Here is a list of things you can do that I also found helpful:

Give a gift certificate for housecleaning or food delivery. This is a great option if you do not live close to the family. Modern technology makes this simple. You can order almost any type of gift certificate online and send it to the grieving family’s email inbox.

Set up and organize a meal train.

Offer to do chores or yard work.

Babysit siblings while the parents have some time to work through grief and make funeral plans. Hopefully this goes without saying, but do this for free.
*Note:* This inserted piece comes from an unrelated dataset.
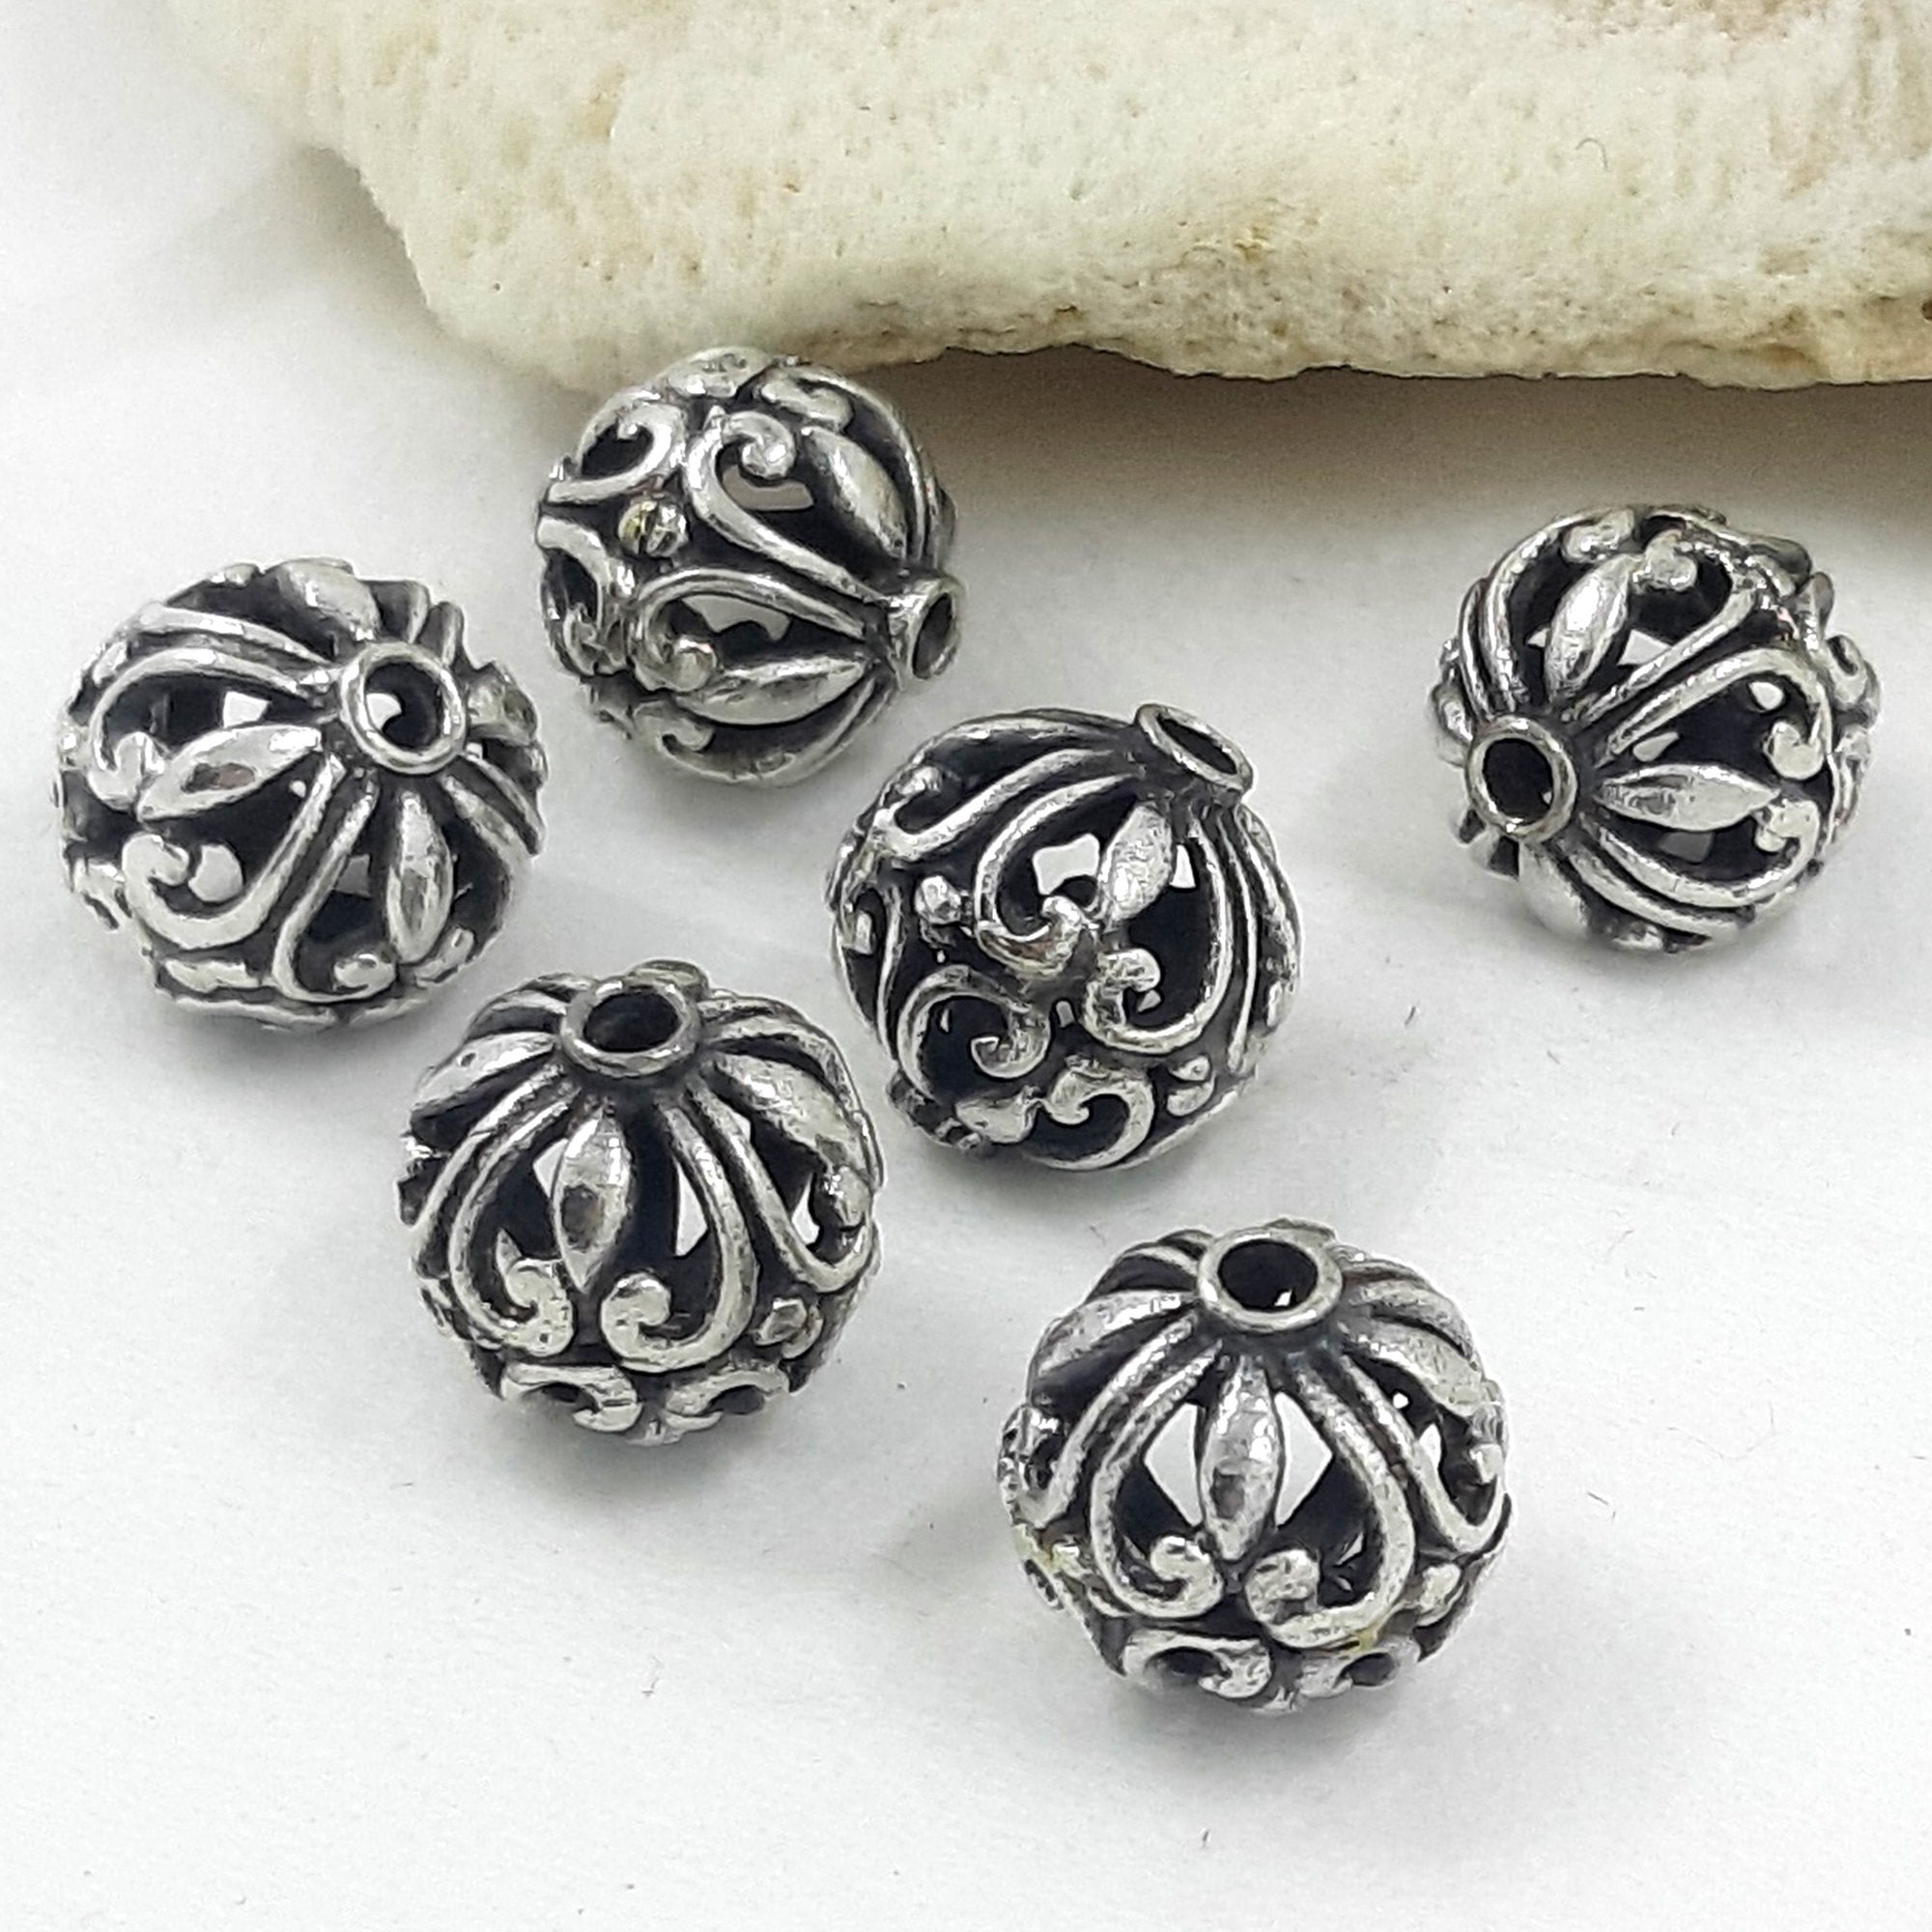 Bali Style Beads Sterling Silver Beads for Jewelry Making 10mm Inspire  Glass Studio

Just sit with them and let them cry while you hold their hand or cry with them.

If you have the finances, send a check to help with burial/funeral costs. No young family prepares for the cost of losing a child. We had several family and friends donate to us, which helped keep us out of debt.

Offer to help with any details that may be too traumatizing for the family. For example, a close family friend dealt with calling the medical company to pick up our daughter’s equipment and oxygen.

Purchase an item for the family to help them celebrate their child. Some ideas include: a necklace, keychain, picture frame, or photo album.

One important thing to remember is to not to add stress by offering to do something but asking the family to arrange it. The goal is to take stress away from the grieving family.

I hope these suggestions come across as helpful and not critical. The most important thing is to be present for the grieving parents.